*Information provided:*

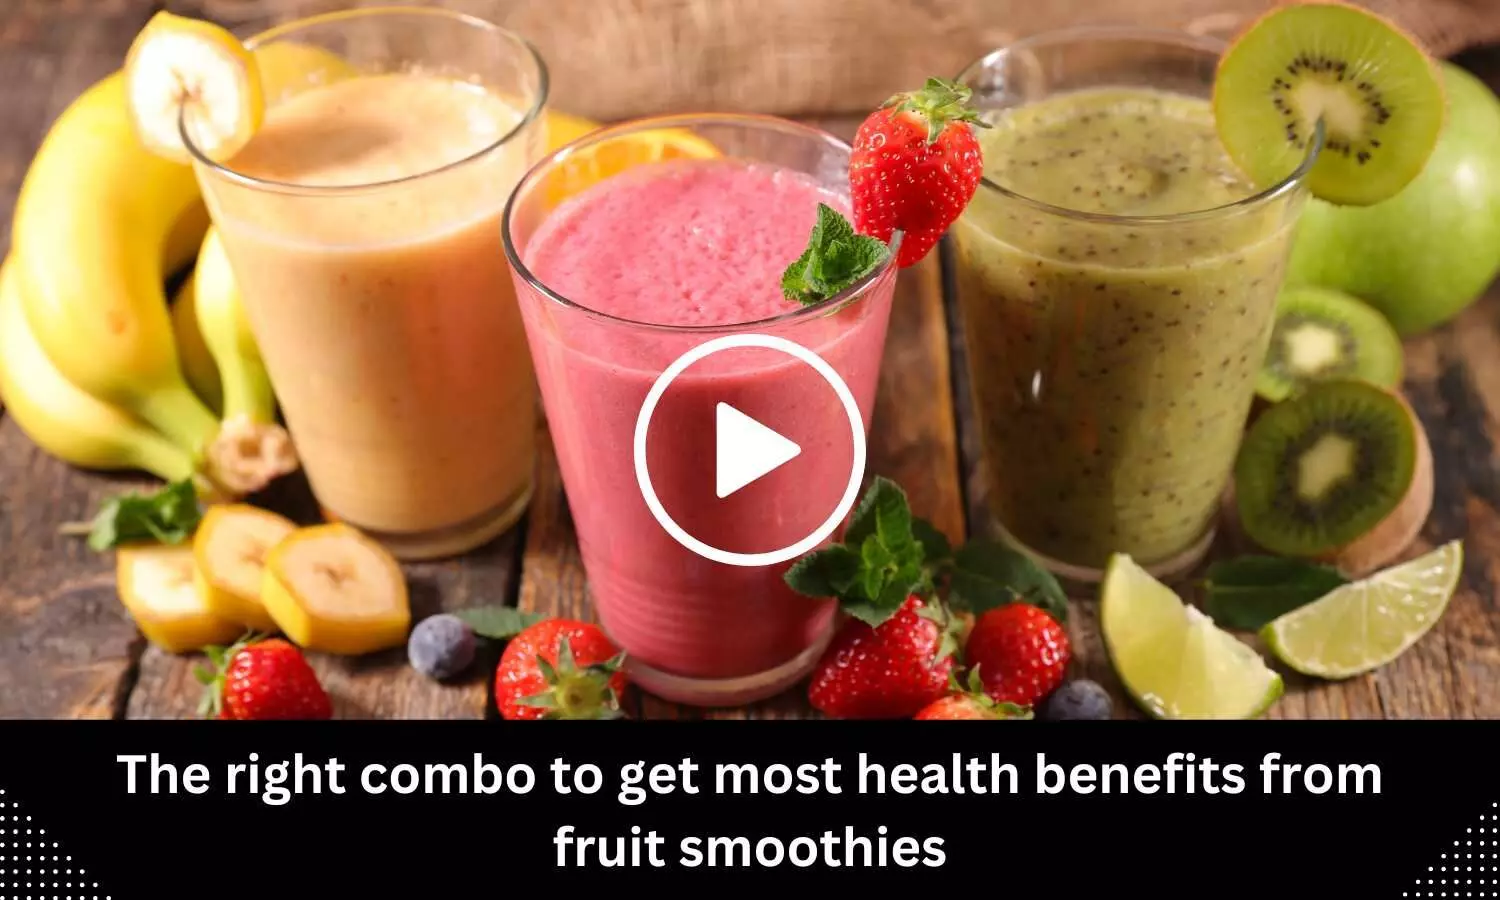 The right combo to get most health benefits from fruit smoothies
--
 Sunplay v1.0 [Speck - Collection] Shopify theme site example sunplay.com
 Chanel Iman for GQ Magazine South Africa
* * *
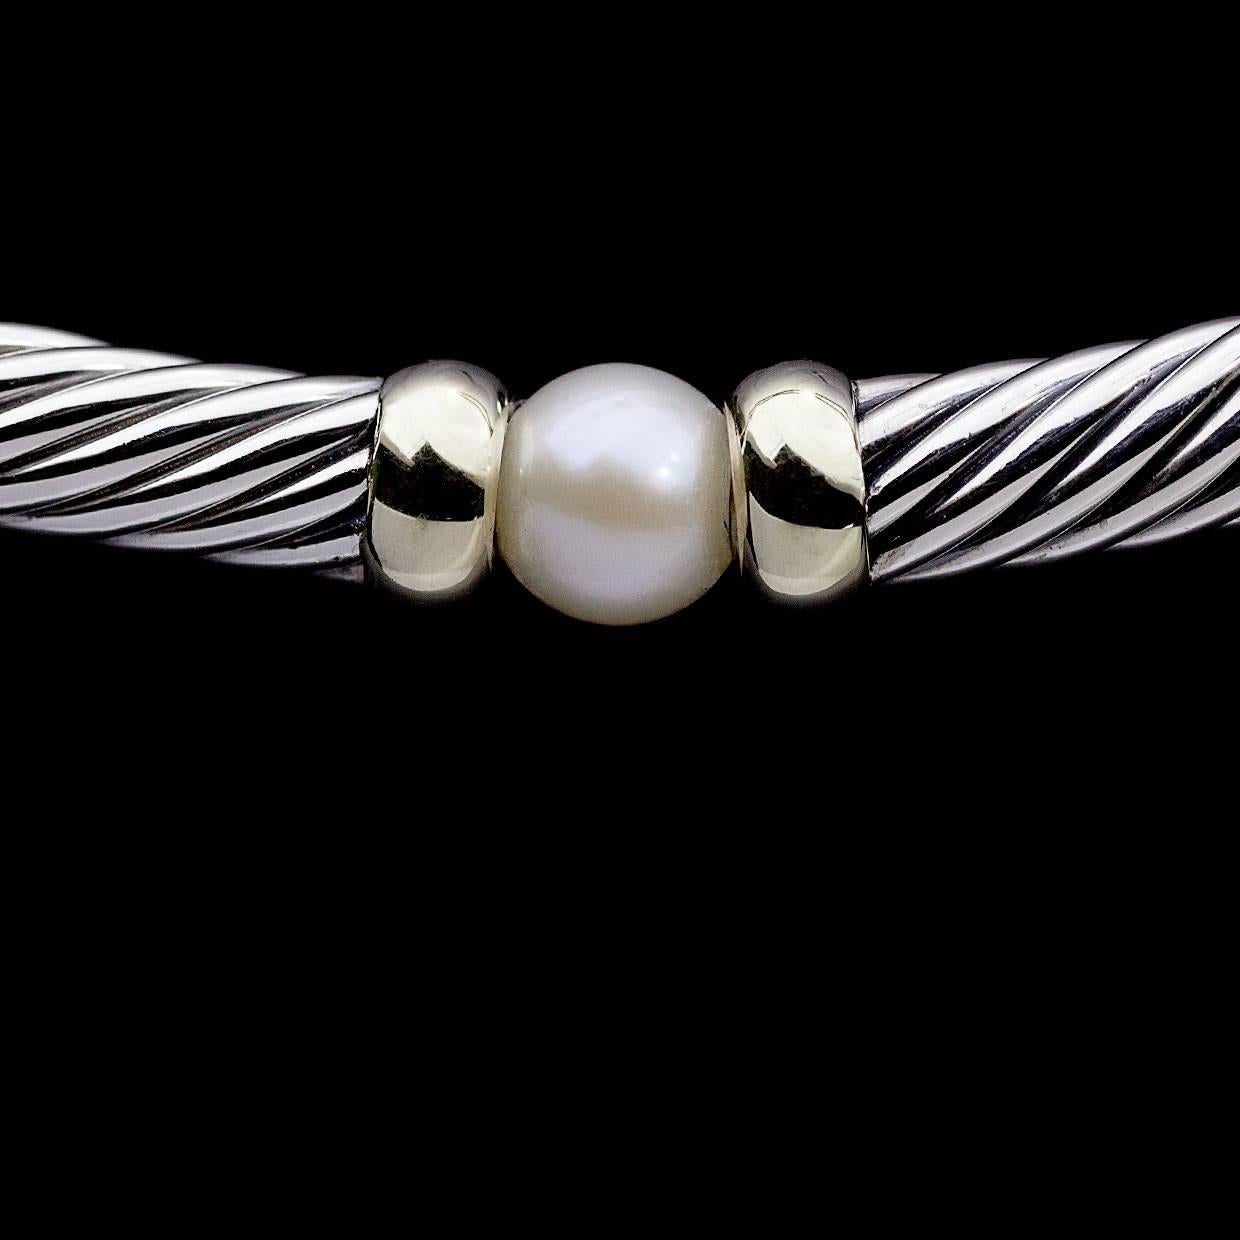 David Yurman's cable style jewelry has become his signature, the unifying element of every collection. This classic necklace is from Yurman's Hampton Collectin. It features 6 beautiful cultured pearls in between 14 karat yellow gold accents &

*The problem:* Return only the part of the records above that opens with the line containing "Sunplay v1.0 [Speck" and closes with the line containing "Chanel Iman for GQ Magazine South Africa", ends included.

*Answer to this problem:*
 Sunplay v1.0 [Speck - Collection] Shopify theme site example sunplay.com
 Chanel Iman for GQ Magazine South Africa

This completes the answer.